Dans ce modèle, l’existence de transactions de retraits déplacés adoucit la concurrence sur le marché des dépôts. En effet, les banques arbitrent entre les revenus obtenus en affiliant des consommateurs, et les revenus obtenus lorsque les consommateurs du concurrent effectuent des retraits déplacés.

Deux cas peuvent être distingués en fonction des asymétries des réseaux de distributeurs automatiques de billets. Si les banques sont parfaitement symétriques, la plate-forme de paiement choisit l’interchange de monopole sur les retraits et un interchange égal à zéro pour les paiements par carte. En effet, un interchange plus faible pour les paiements par carte adoucit la concurrence sur le marché des dépôts, car il fait augmenter le volume de transactions de retraits déplacés effectués par les consommateurs. Lorsque les banques sont parfaitement symétriques, leurs objectifs sont identiques. Puisqu’elles obtiennent la moitié du marché des dépôts, elles cherchent à extraire le maximum de surplus des consommateurs sur les transactions de retraits déplacés. La plate-forme choisit donc un interchange « retrait » égal au prix de monopole.

Si les banques sont asymétriques, leurs objectifs ne sont plus parfaitement identiques. En effet, les comportements de paiement de leurs consommateurs sont différents. La banque dont le taux de retraits déplacés est le plus élevé a intérêt à favoriser les paiements par carte au moyen d’un interchange paiement plus élevé, et à ce que l’interchange sur les retraits déplacés soit relativement faible.

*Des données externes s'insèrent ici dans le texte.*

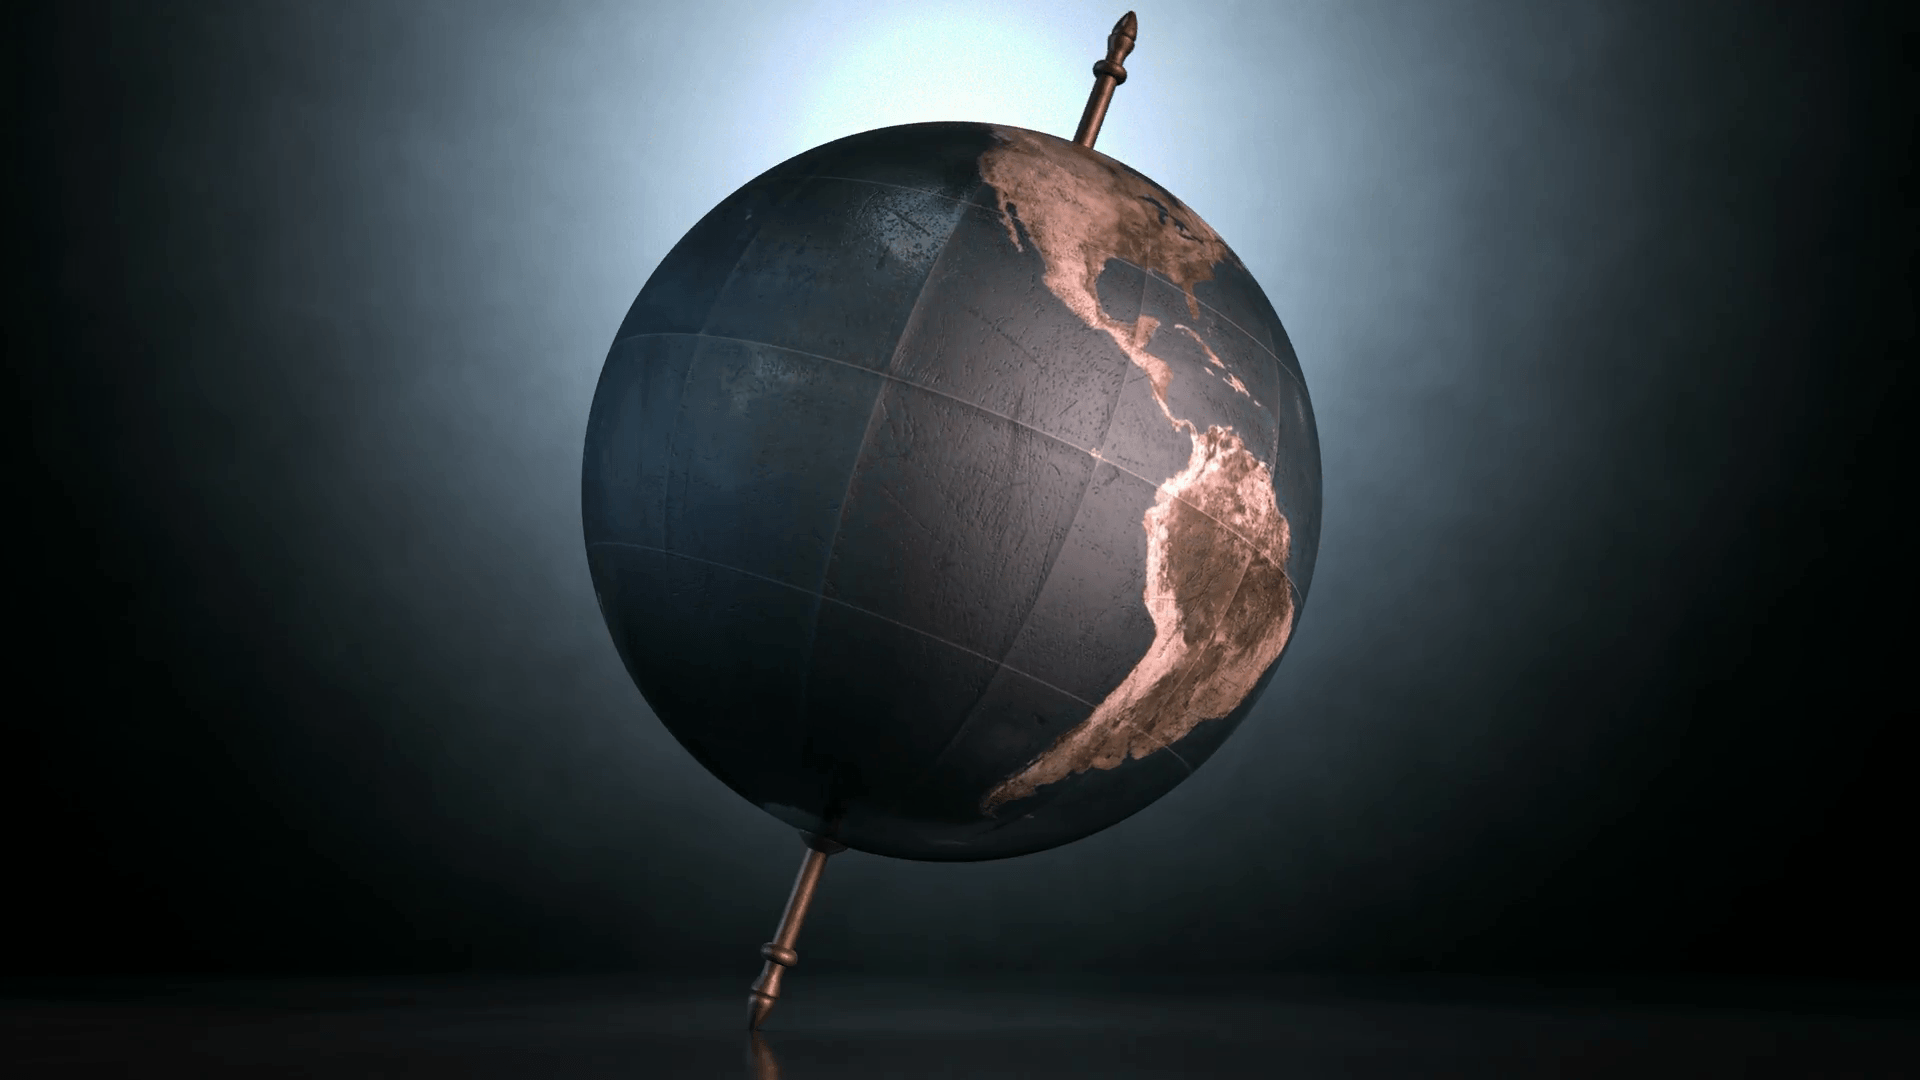 A static view of a world globe ornament spinning on a tilted axis

Par conséquent, la plate-forme de paiement choisit des niveaux d’interchanges qui permettent de réaliser un arbitrage entre :

i. Les élasticités des parts de marché aux interchanges sur le marché des dépôts. ii. Les revenus obtenus par les banques sur les transactions de retraits déplacés.

Dans les deux cas que nous étudions, nous montrons que l’interchange sur les paiements par carte est trop faible du point de vue du bien-être social, tandis que l’interchange sur les retraits est trop élevé. Une plate-forme qui gère à la fois des transactions de paiement par carte et des transactions de retrait est donc amenée à choisir parfois un interchange « paiement » trop faible. Ce résultat montre que la prise en compte des retraits d’espèces influence le niveau des interchanges obtenus sur les paiements. Il est donc important de tenir compte de l’approvisionnement en espèces dans la modélisation des systèmes de paiement par carte.